Katy patted her arm. “You had every right to be angry with him, Camilla. And he does know. I’m sure he does.”

Camilla let loose a miserable sigh and seemed to draw into the blanket as a turtle might retreat into its shell. Katy finally
persuaded her to sleep with the help of a quarter of a bottle of fine Scotch whiskey. She left her snoring gently. Some of
the color had returned to the Irishwoman’s face, and her arms clutched a wad of the blanket as if it were a baby.

Jonah and Andy sat disconsolately by the fire. Jonah raised his head as Katy sat on the ground beside him. “Camilla sleeping?”

“Like a mule kicked her in the head. The whiskey helped.”

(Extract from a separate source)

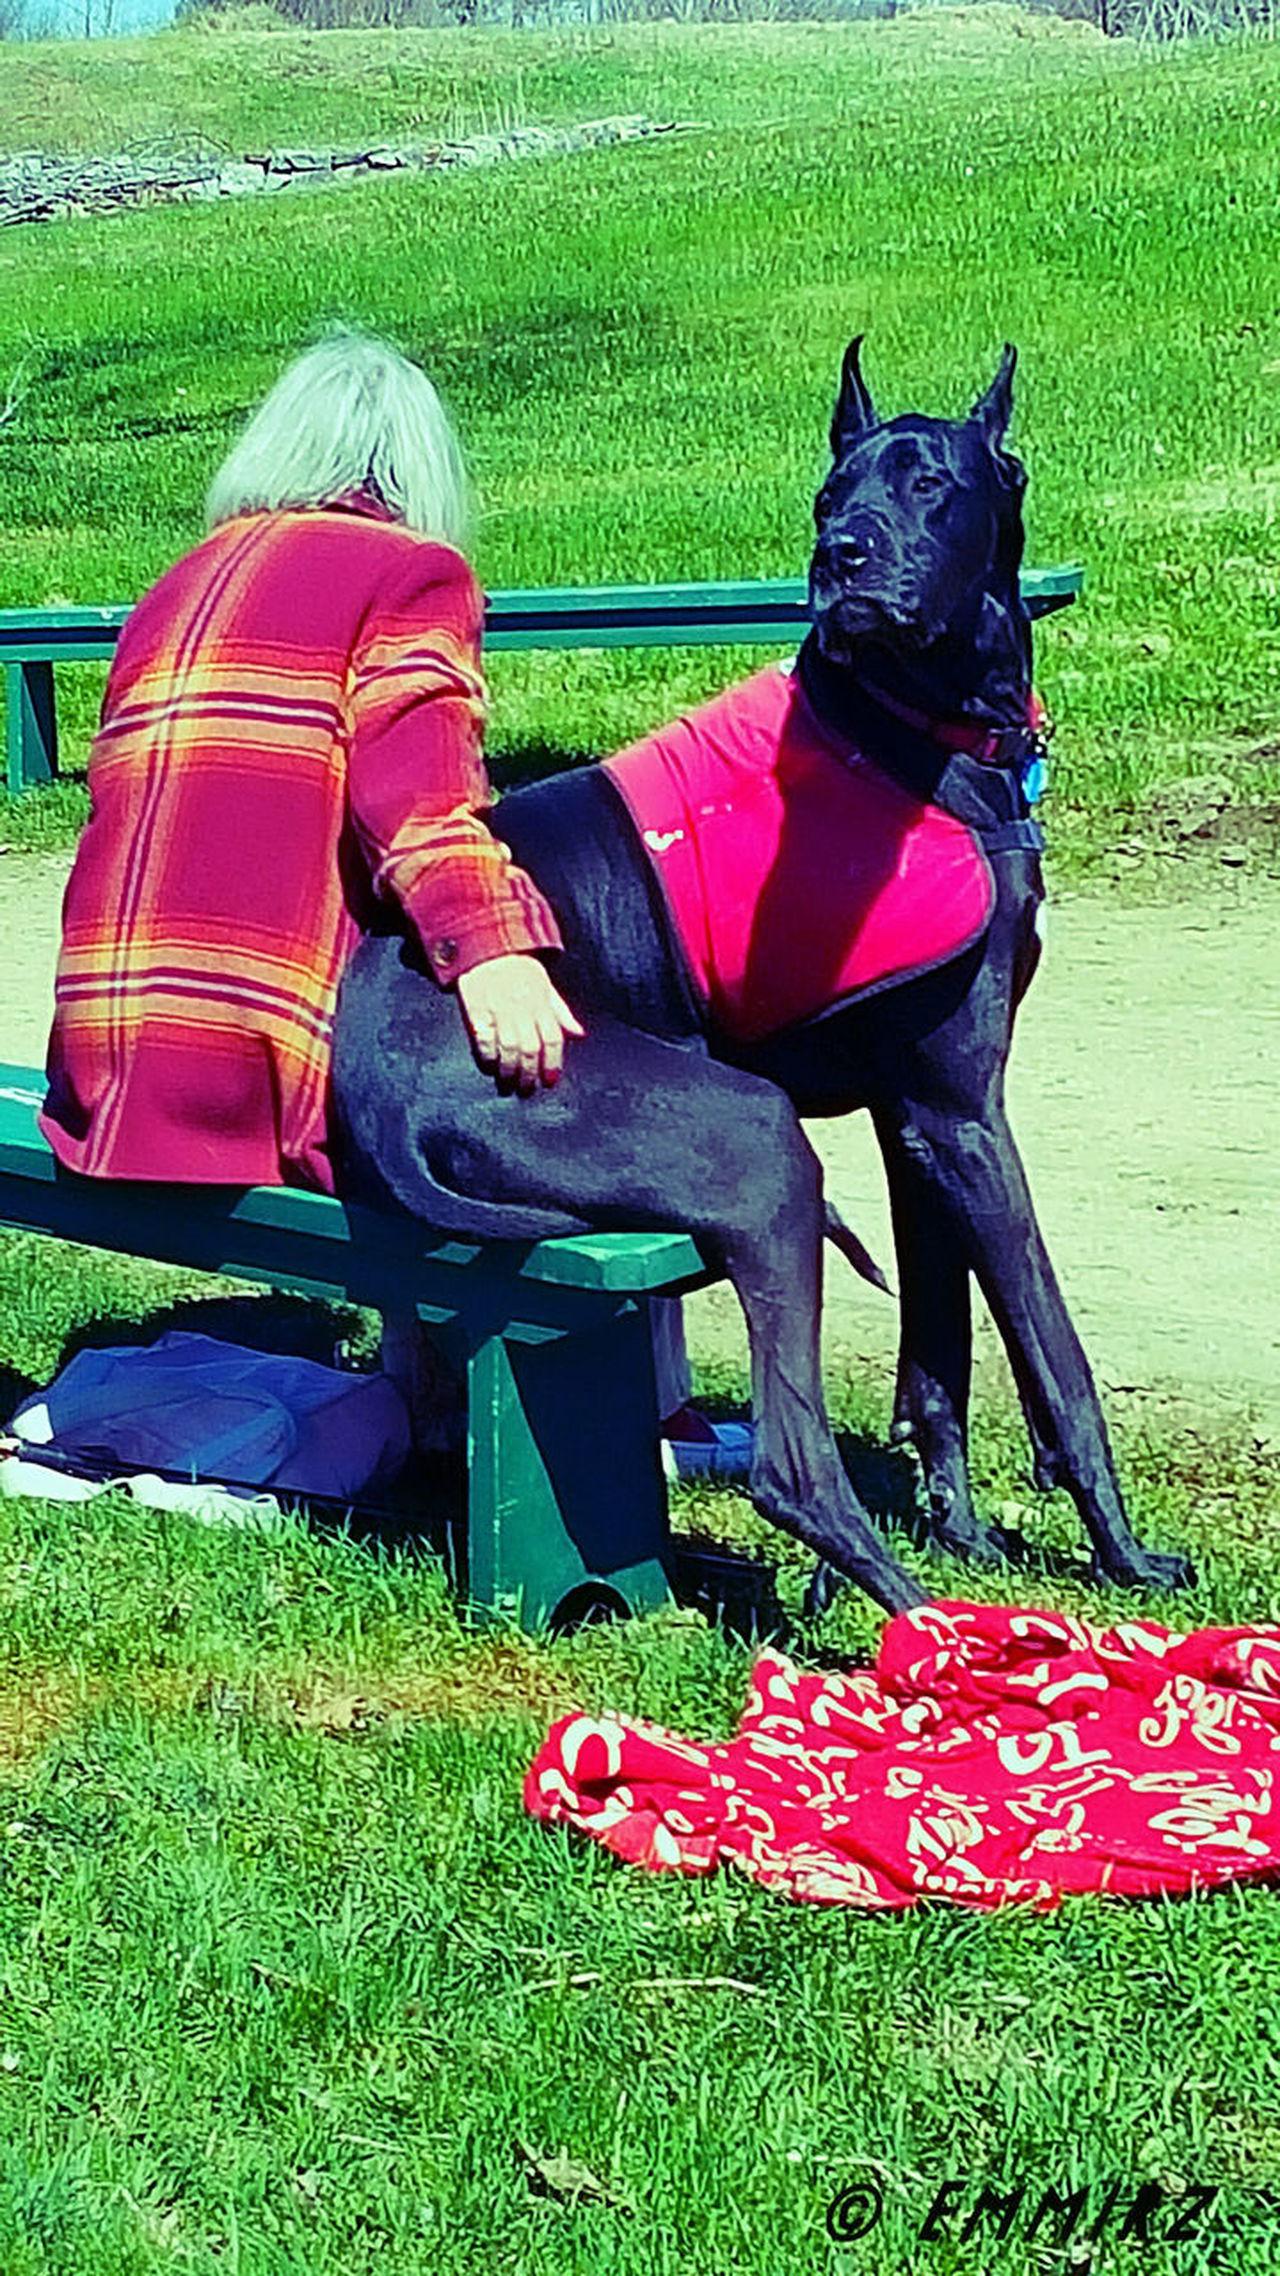 Womans/mans Bestfriend And Protector Bodygaurd Dogslife Doglover Doggy Love Best Friends ❤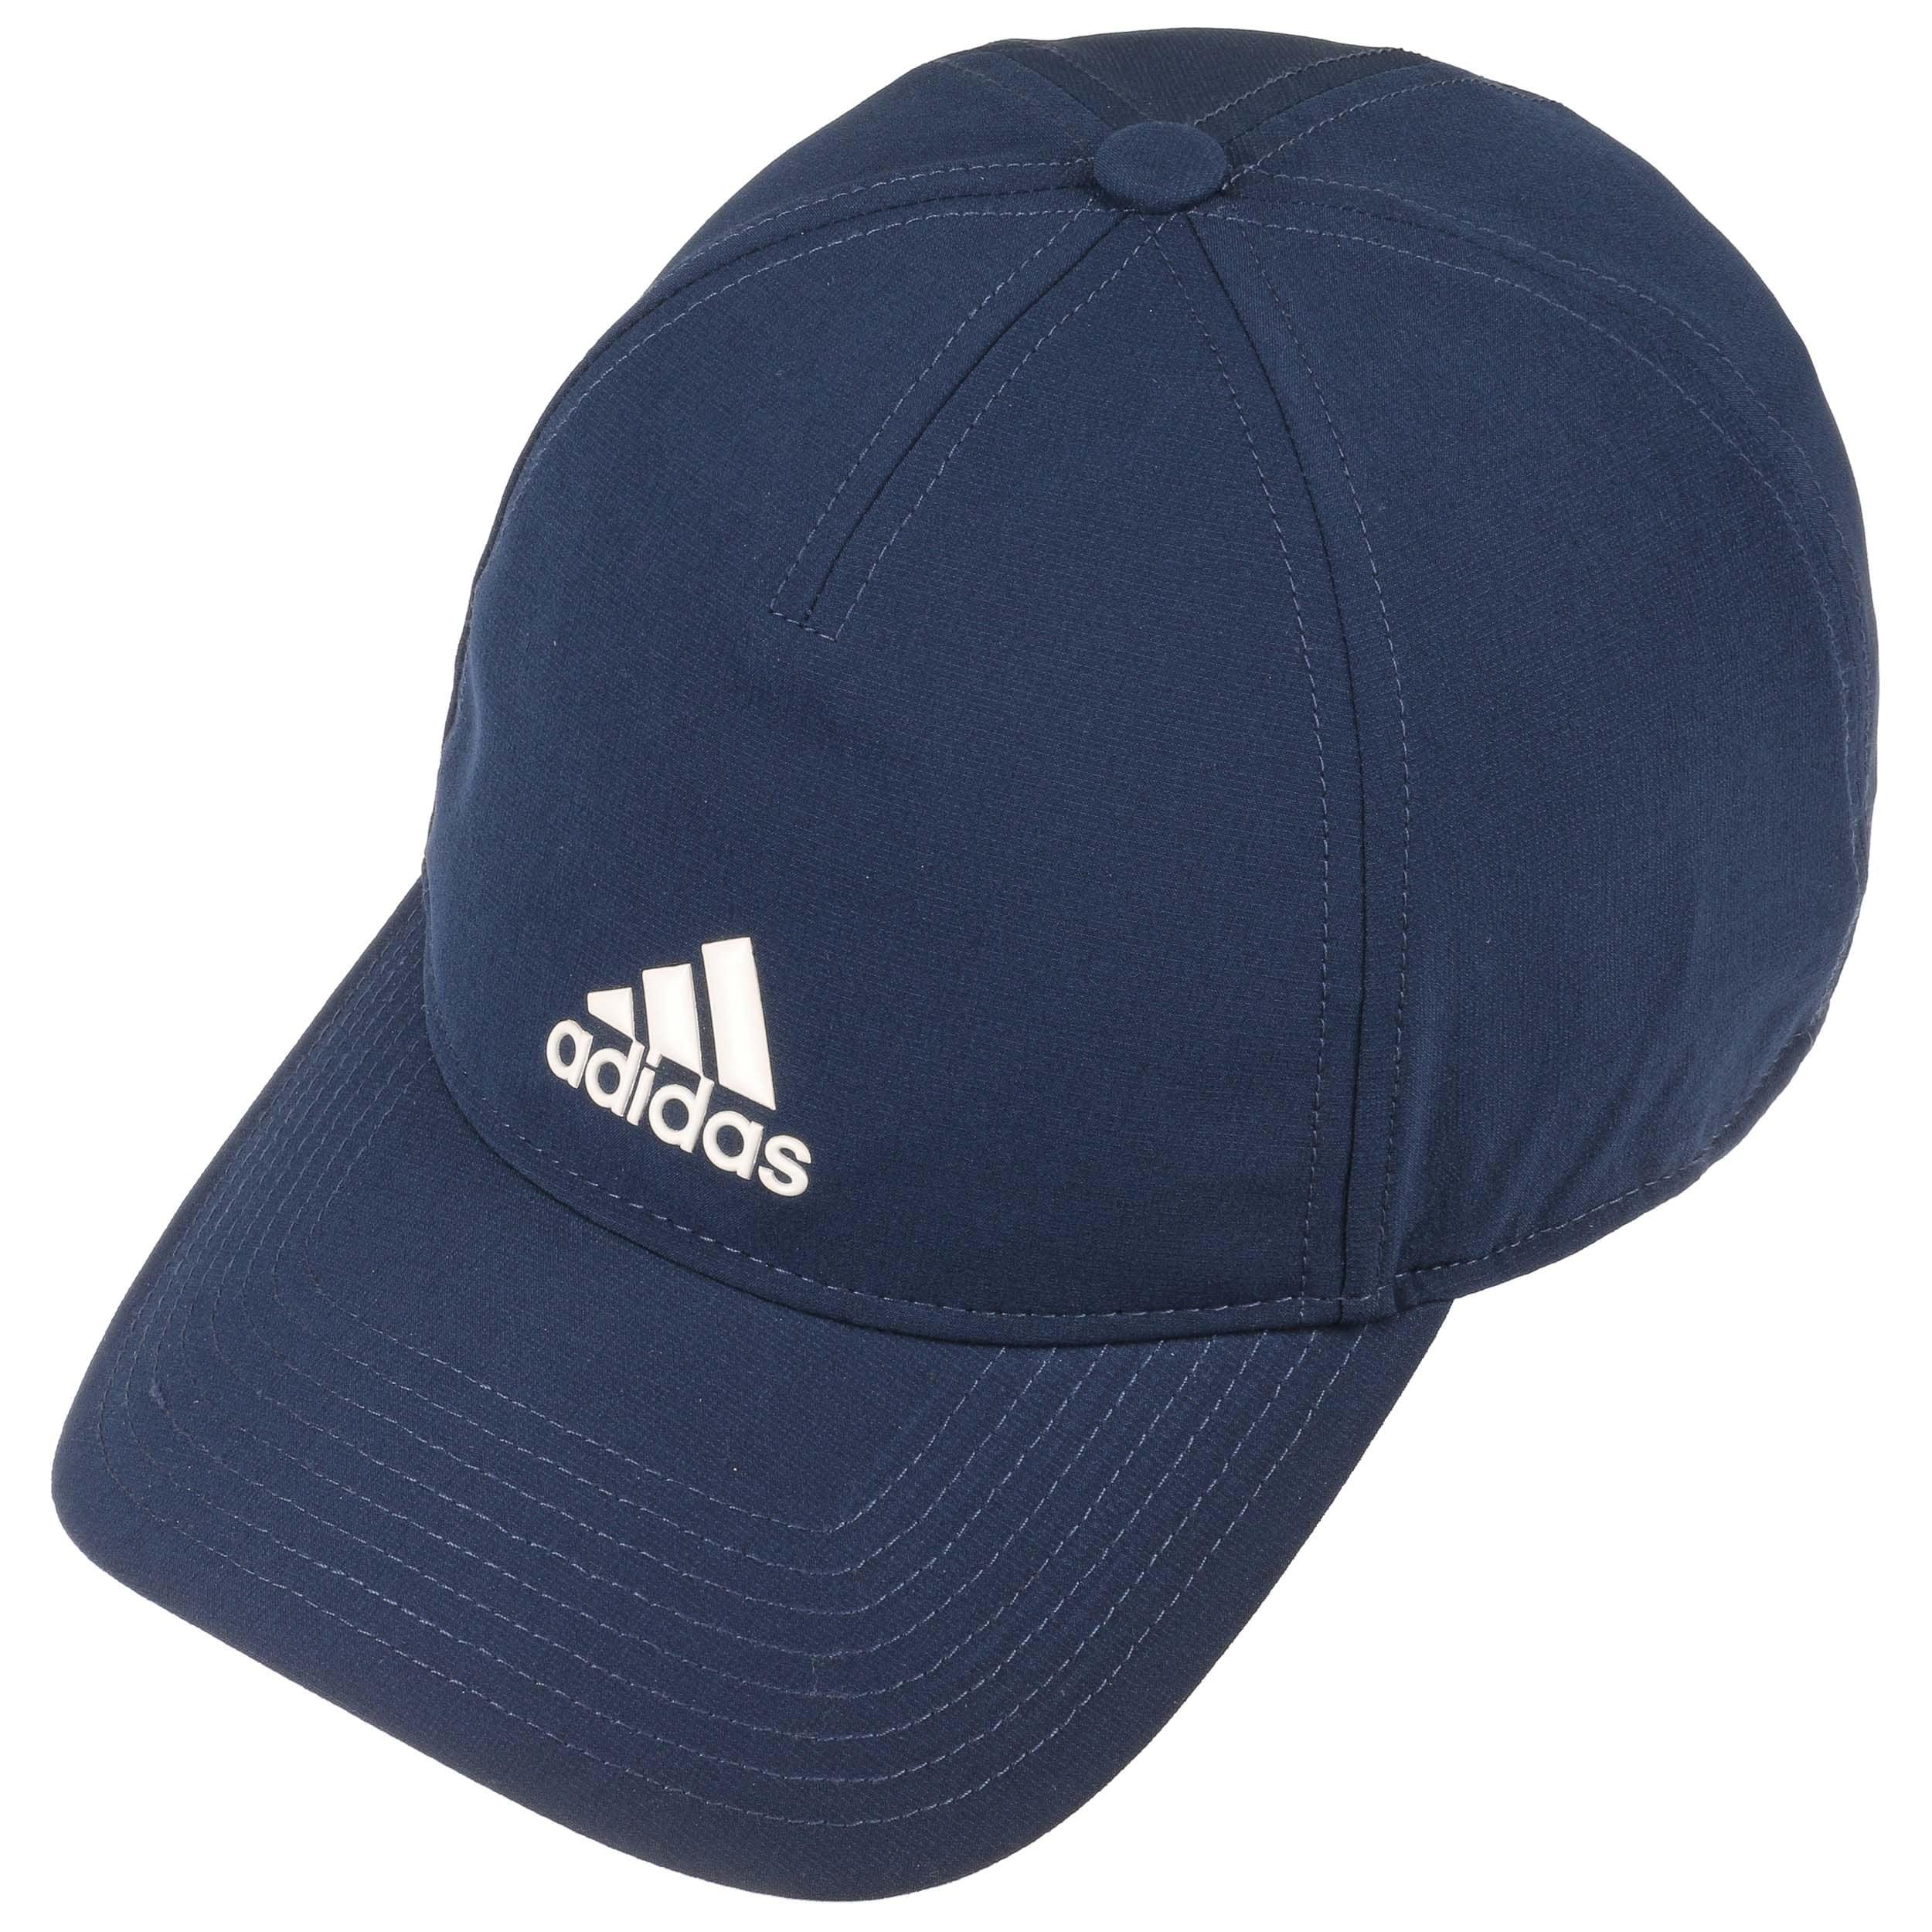 Gorra C40 5P Climalite by adidas - Gorras - sombreroshop.es 8a73d7f727d

Jonah rubbed his brow with one hand. “I could use a shot of whiskey myself.”

“I could get the bottle. Camilla doesn’t need it anymore.”

“No.” He sighed. “A hangover would just make things worse.” He eyed Andy, who sat cross-legged on the other side of the fire.
She looked every bit the boy again, hat jammed crookedly upon her head, red hair sticking out from beneath at odd angles,
shapeless clothing hiding the least hint of her form. “It’s been a hell of a day,” Jonah said.

Katy looked around the camp at the few scattered items from their outfit that the river had tossed up. Jonah’s notebooks were
intact, along with a few items of Jonah’s underwear, an extra pair of boots, and a scarf. They’d also rescued a sodden sack
of flour, three blankets, a single mitten, and Jonah’s baby-sized pistol. Camilla had lost everything, including her husband.
Andy had lost her false identity, and Katy felt as though she’d lost all the starch in her spirit.